Living Small

January 15, 2012 § 1 Comment

One thing I love about Hong Kong (and Asia in general) is the crazy clothing that people wear. Don anything remotely unconventional in the Midwest, and people will immediately turn their heads to gawk at your outlandishness. Here, wacky fashions are as common as the smog on the horizon, though I doubt I’ll be bringing back any with me. As soon as I rolled off the plane, I spotted this woman, who seemed to be the nanny of another woman and her child (although I could be very, very wrong):

Her shirt says: “my parent still think i am straight”

I feel like the only place someone who understands English would wear that shirt would be San Francisco? (Maaaaybe Japan too.) Then again, who knows?

Another aspect of Hong Kong that bothered me a lot is the prolific amount of PDA, especially in the subway areas — young couples just cling to each other like the world’s about to end! Take, for example, these two:

Maybe they were practicing the tango.

They were originally embracing on the left side of the photo, and then they hug-walked 15 feet to the right. Please…just stop.

Anyway. I had brought my SIM card from two years ago, hoping that it would still work (especially because I had to refill it just three days before departing), but it had expired, so I had to find a pay phone to call my landlord. I took a taxi to the apartment, which was quite a scary experience because I was no longer accustomed to the death ride that is a city taxi.

My landlord also happens to be one of my roommates. I’m living with an Indian couple (probably early 30s), Bobby and Tracy, and their maid, Aman, in an apartment listing that I found on an ex-pat forum. Bobby runs some kind of textiles business; Tracy actually grew up in Hong Kong and can speak some Cantonese. They’re both pleasant so far, but I haven’t interacted with them very much. Aman, probably no older than 20, is a gaunt girl who speaks very little English.

Upon learning that I was to be staying in an Indian household, quite a few of my friends expressed the sentiment that Indian people smell like curry, and their houses even more so. First of all, that’s racist. Second of all, I’ve never experienced a smelly Indian person or house, so I can only conclude that these are mere ignorant stereotypes. Third of all, I like curry, so I guess it wouldn’t be such a bad prospect anyway.

The apartment exceeded my expectations in many ways. The size — oh my goodness, the size. I had only previously been inside two actual Hong Kong apartments, which were both rather tiny, but as I was not living in them, I didn’t really pause much to think about them. Living in the dorm seemed cramped, but the rooms were comparable to American college residencies. Seeing this apartment in its dwarven reality kind of blew my mind. The whole apartment (two bedrooms, living room, kitchen, bathroom) is smaller than my parents’ master bedroom (plus bathroom & walk-in closets). Granted, my parents’ room is pretty huge, but fitting your whole life into a space this small is mind-boggling.

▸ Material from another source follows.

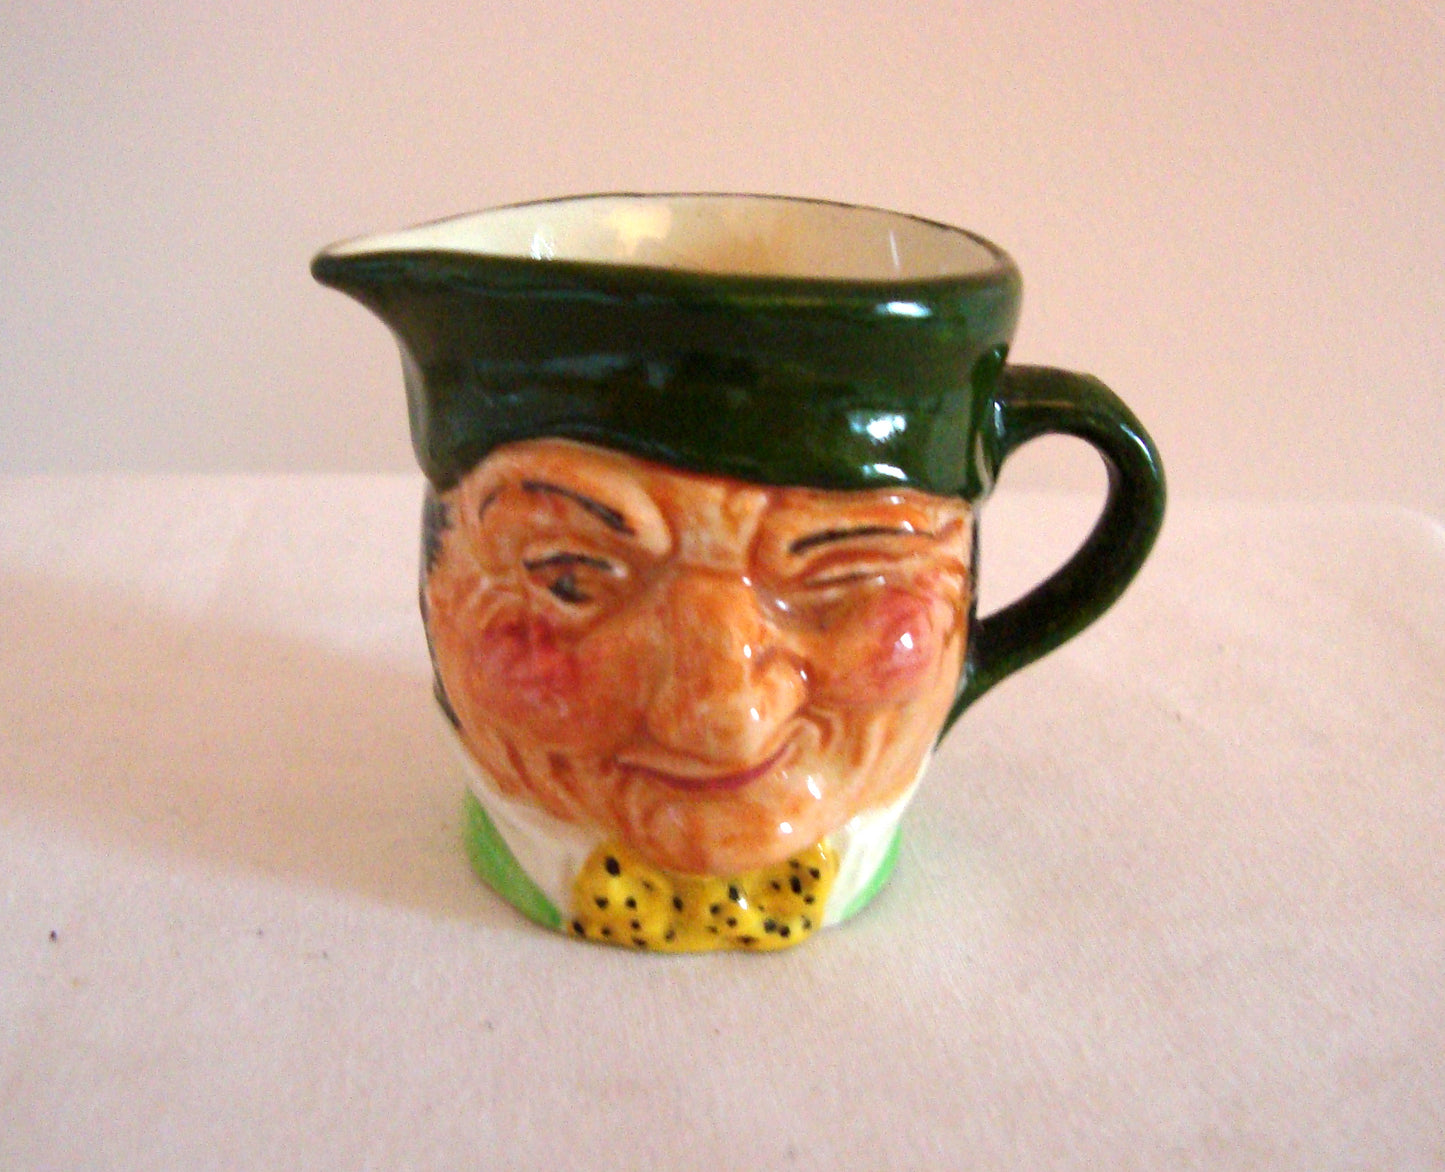 Hand Painted Artone 'Old Charley' Character Jugs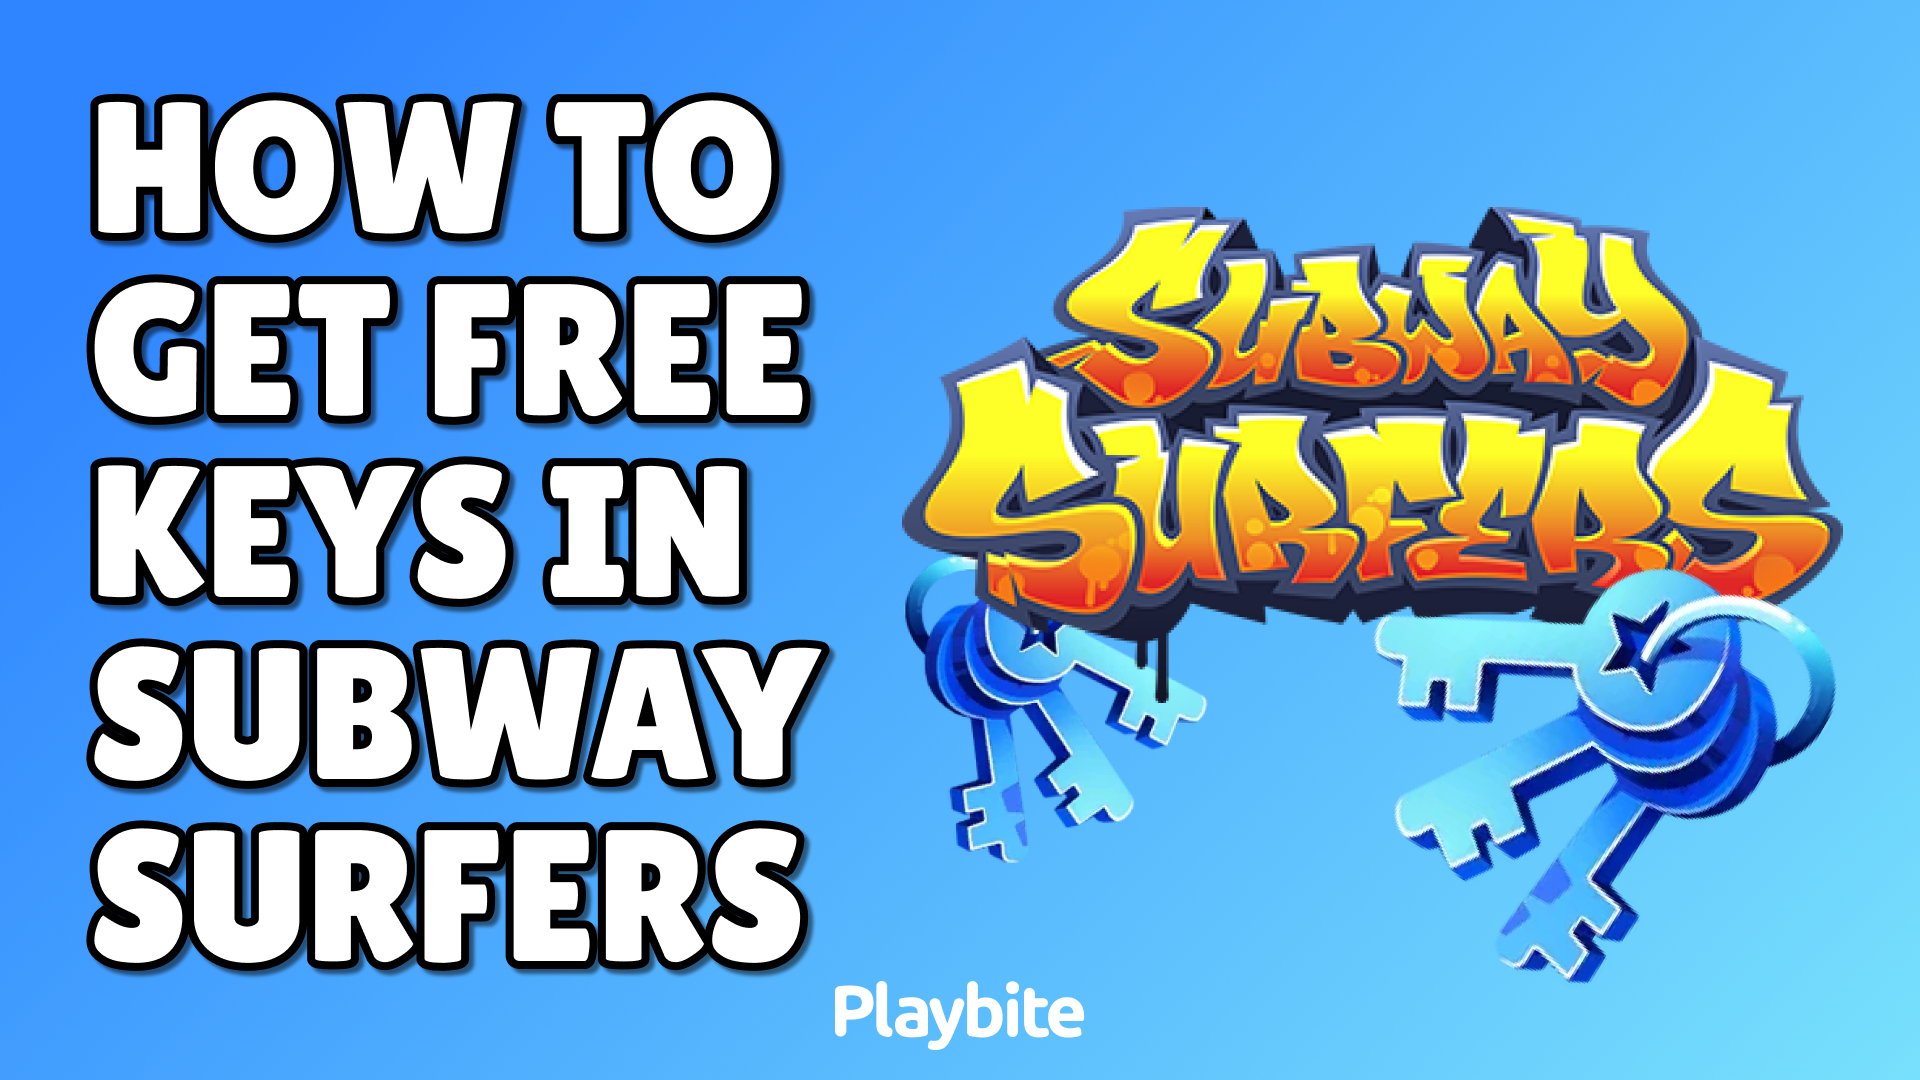 How To Get Free Keys In Subway Surfers

The washing machine, nestled in the kitchen, is big enough to hold maybe two pairs of jeans and a sweater. The shower is the nine square feet of tiles at the end of the narrow bathroom. Only the two bedrooms have windows. The (folding) kitchen table is the size of a nightstand. I have no closet. Aman’s bed is in the living room, as is the refrigerator. I would take photos of the place, but she’s kind of there all the time, so that would be awkward. I don’t think photos would do the place justice anyway — as someone who grew up in the suburbs of America, I would really have to see it physically to grasp the startling proportions.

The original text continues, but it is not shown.